From the APP:
A state Senate committee Monday approved a bill that would phase out New Jersey’s estate tax over five years.
The vote by the Senate Budget and Appropriations Committee was a win for business groups that have argued the tax drives Garden State residents out of state.
“The only individuals who are now paying the estate tax are those who due mostly to family or business reasons choose not to leave the state,” said Michele Siekerka, president of the New Jersey Business and Industry Association, a business lobby group. “Those who can leave New Jersey do.”

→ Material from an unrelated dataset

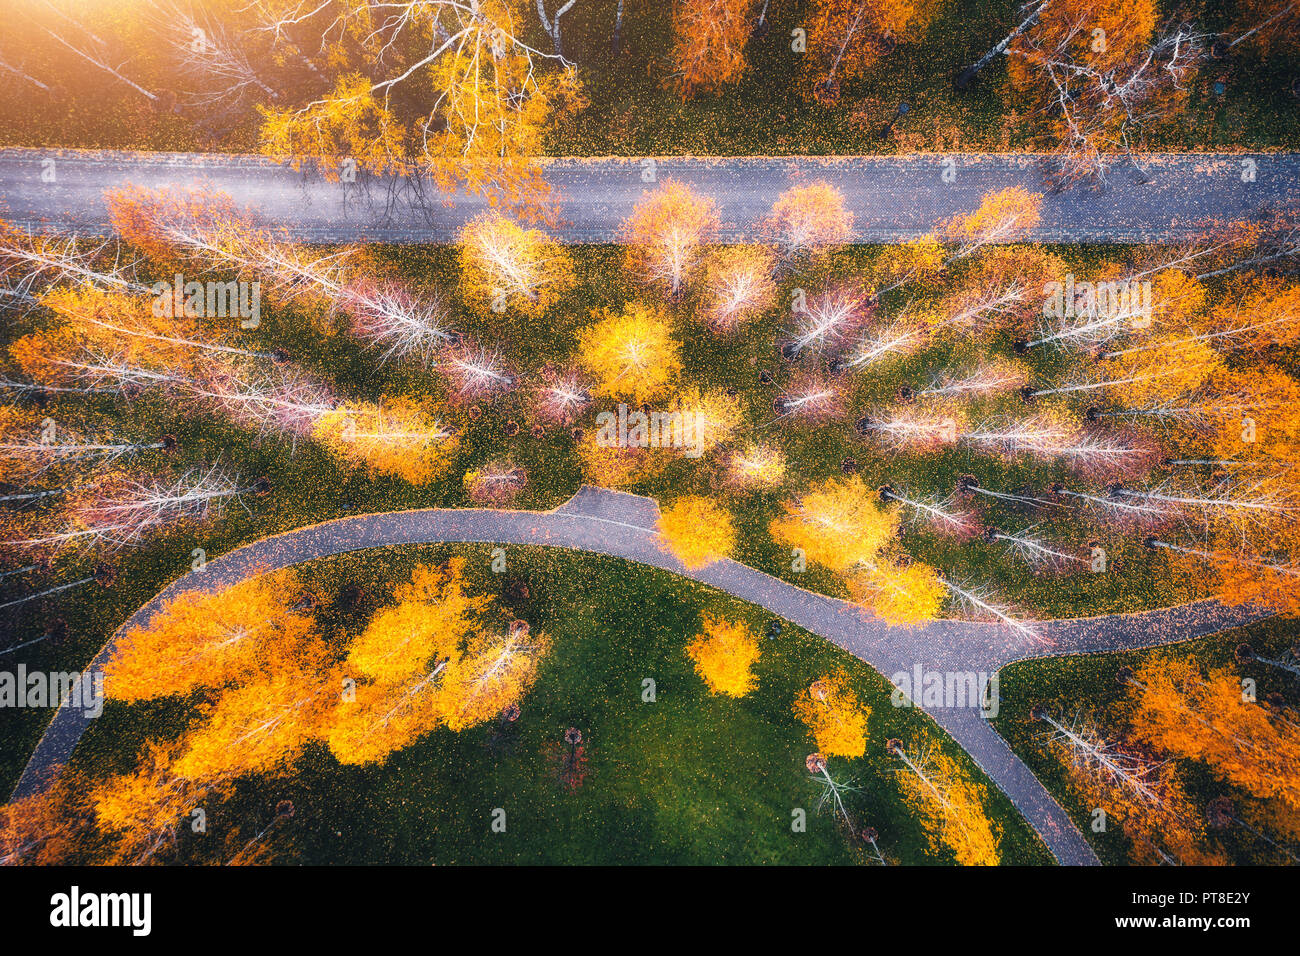 Vista aerea del fantastico parco di autunno in europa in serata. Paesaggio con alberi con foglie di giallo, campo con erba verde e percorsi per l'autunno. Scener Foto Stock

New Jersey taxes estates – cash, real estate, retirement accounts, life insurance benefits and other assets – worth more than $675,000. It is one of 14 states with an estate tax. And it has the nation’s lowest threshold. By comparison, the federal government for 2015 taxes estates worth more than $5.43 million.
New Jersey also taxes beneficiaries who receive inheritances, but grandparents, spouses, parents and children are exempt.
The bill was debated as lawmakers face pressure from two sides. They are searching for ways to lower the state’s notoriously high cost of living. And they are trying to generate enough revenue to pay for a checklist ranging from health benefits for state workers to transportation improvement projects.
The bill sponsored by Sen. Paul Sarlo, D-Bergen and Passaic, and Sen. Steven Oroho, R-Sussex, Warren, and Morris, would increase the threshold each year to $5 million in 2020 before eliminating it in 2021.